Your objective
Under this line are the records; repeat exactly the lines starting at the one containing "European Praying Mantis" and ending at the one containing "Seafoam green glass bead necklace", omitting pictures.

The records

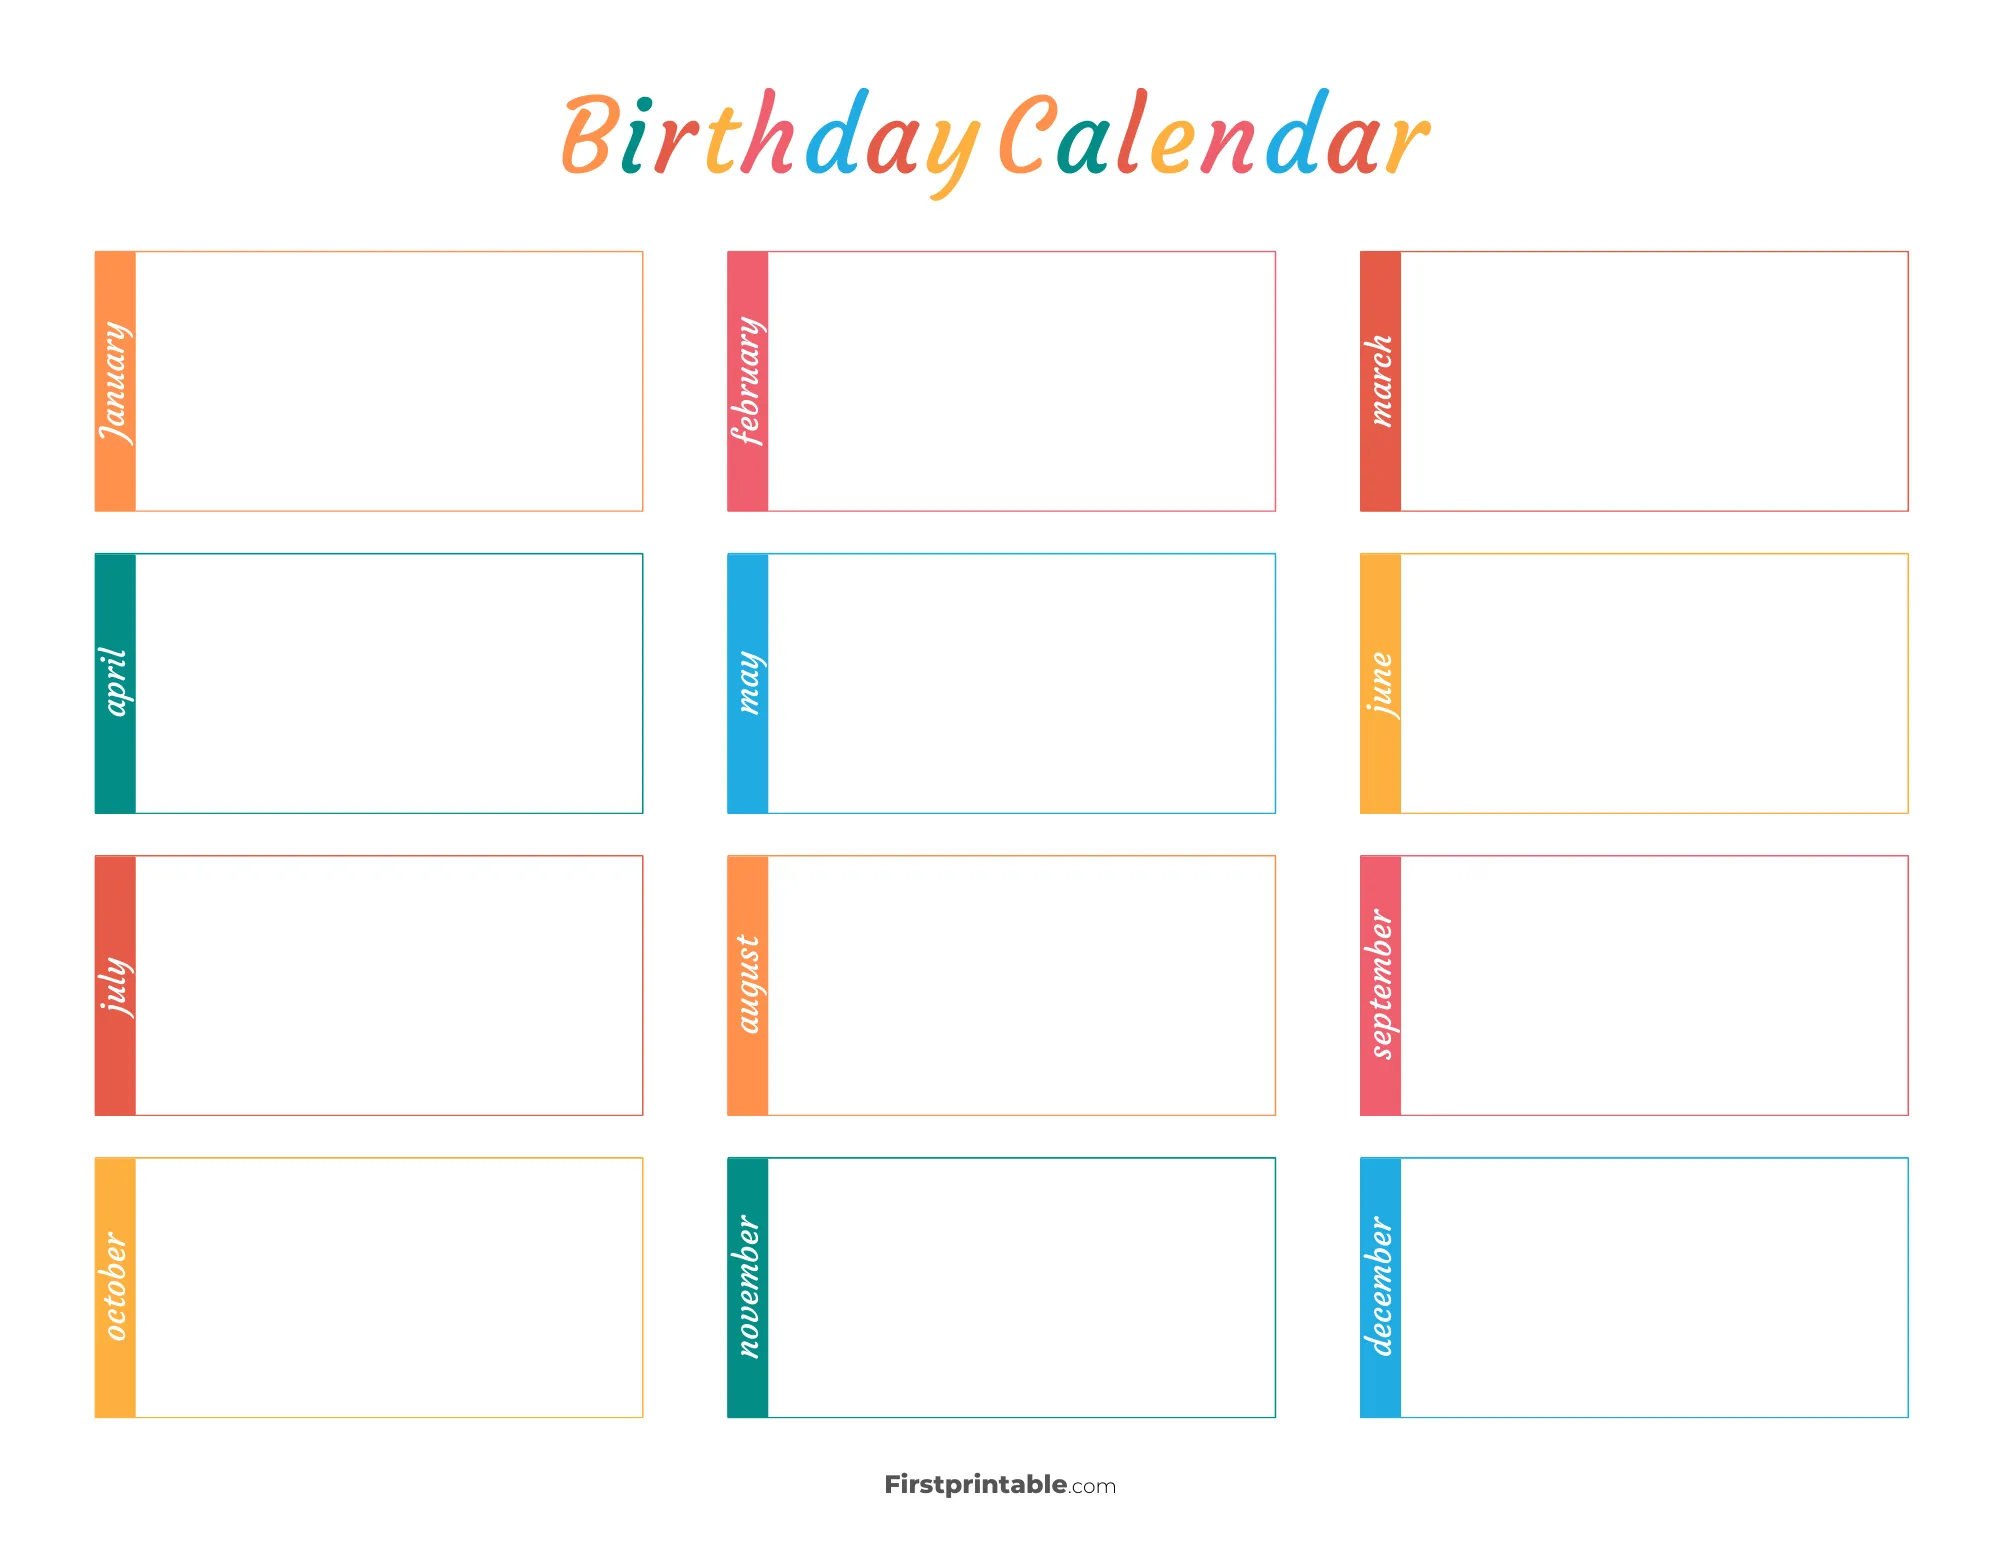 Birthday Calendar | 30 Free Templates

--

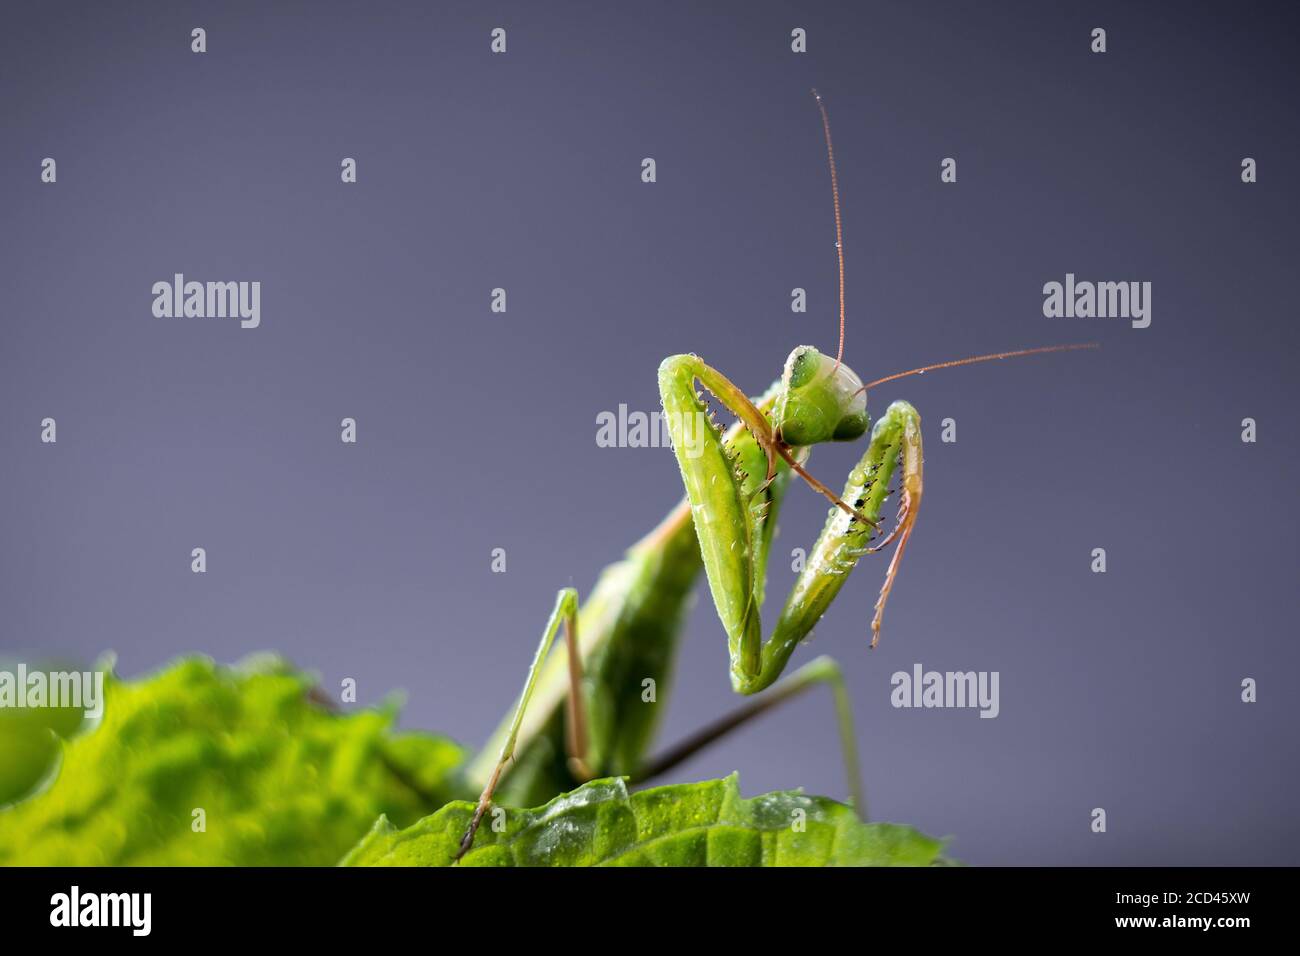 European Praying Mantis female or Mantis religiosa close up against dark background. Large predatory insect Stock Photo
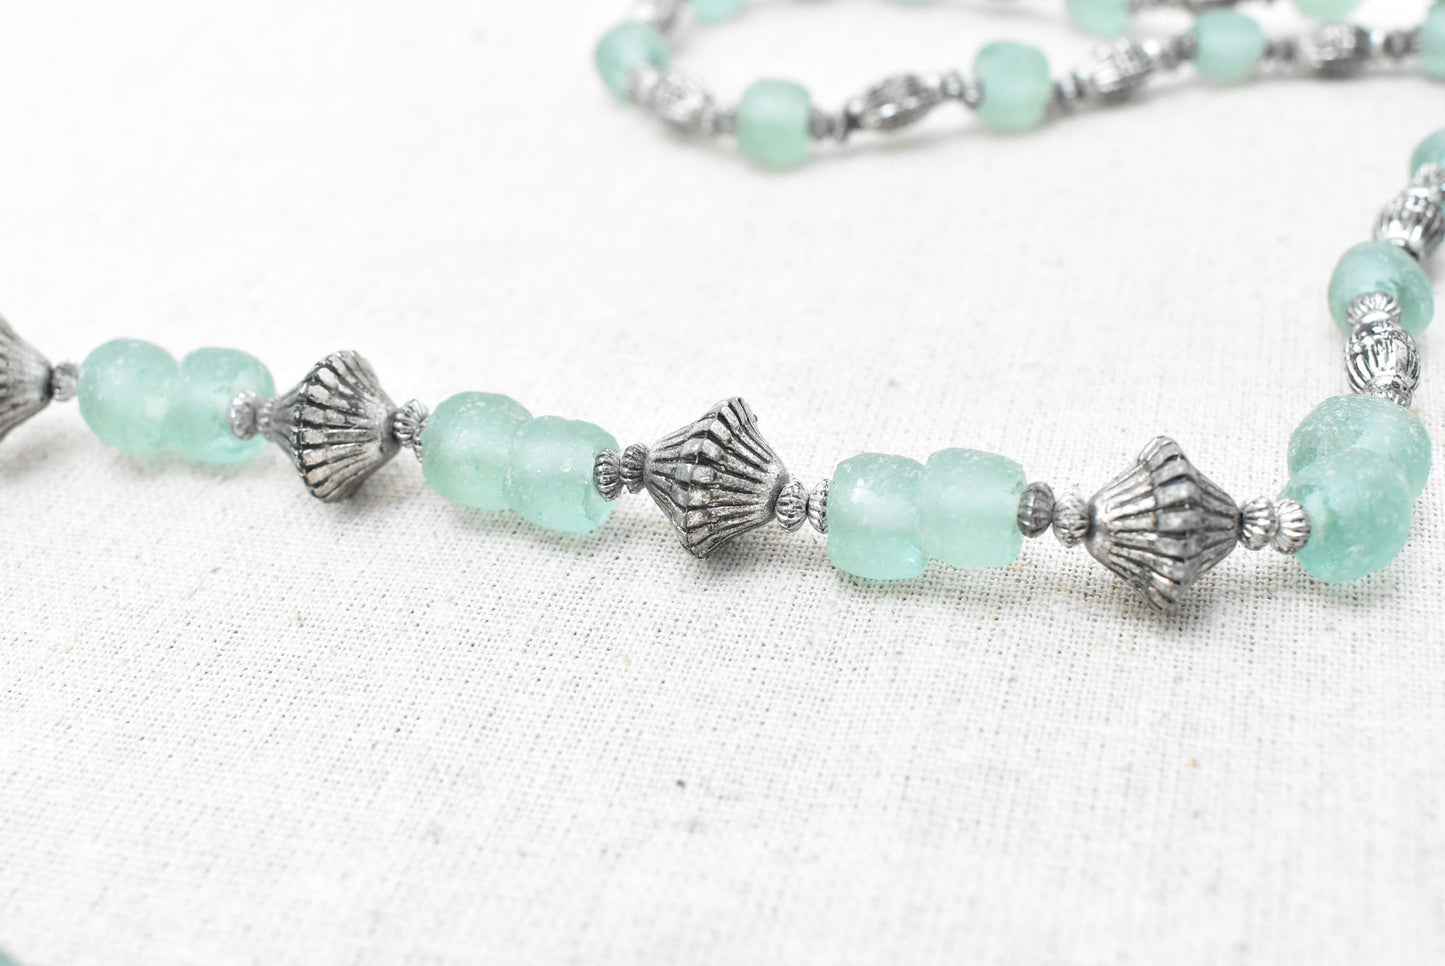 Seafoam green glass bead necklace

==

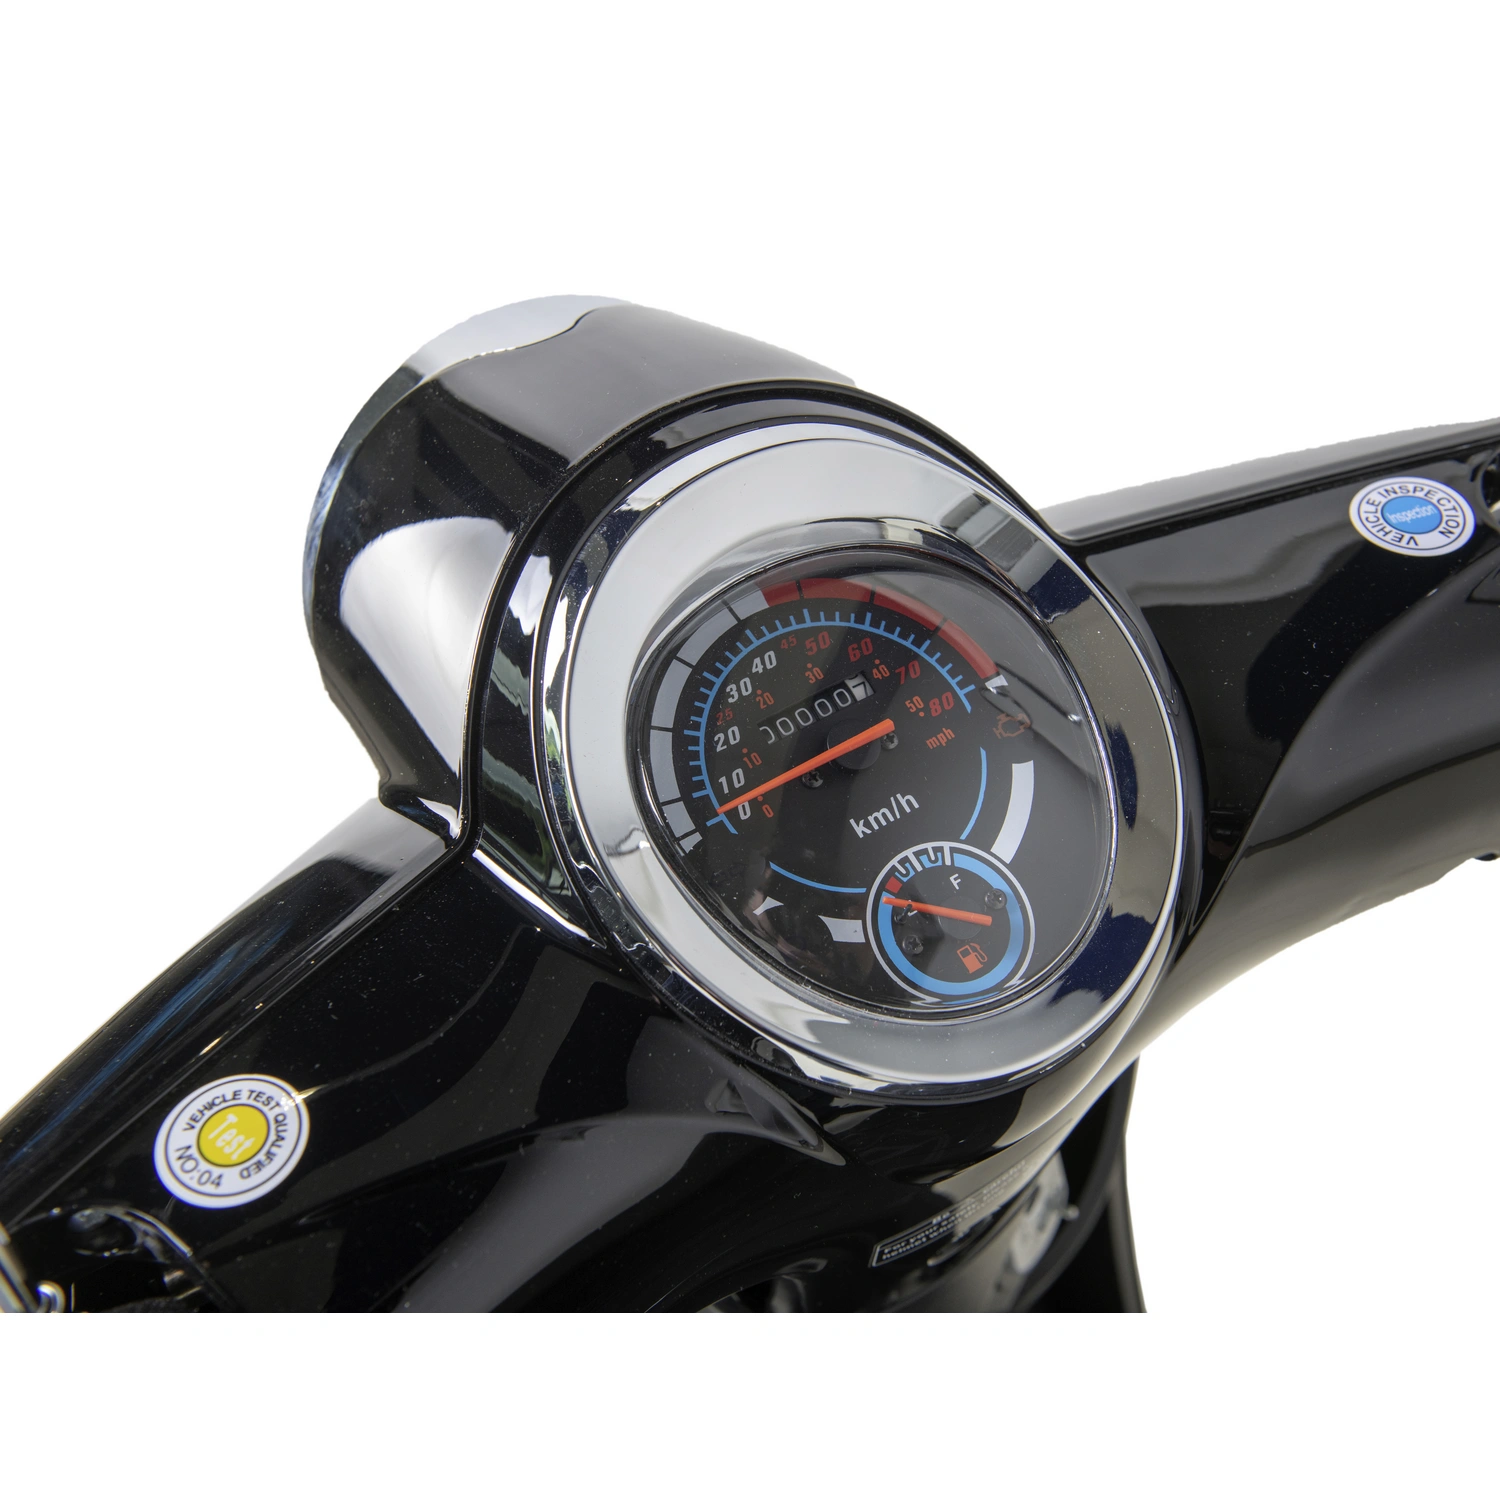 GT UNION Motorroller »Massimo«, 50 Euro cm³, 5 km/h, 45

Solution
 European Praying Mantis female or Mantis religiosa close up against dark background. Large predatory insect Stock Photo
 Seafoam green glass bead necklace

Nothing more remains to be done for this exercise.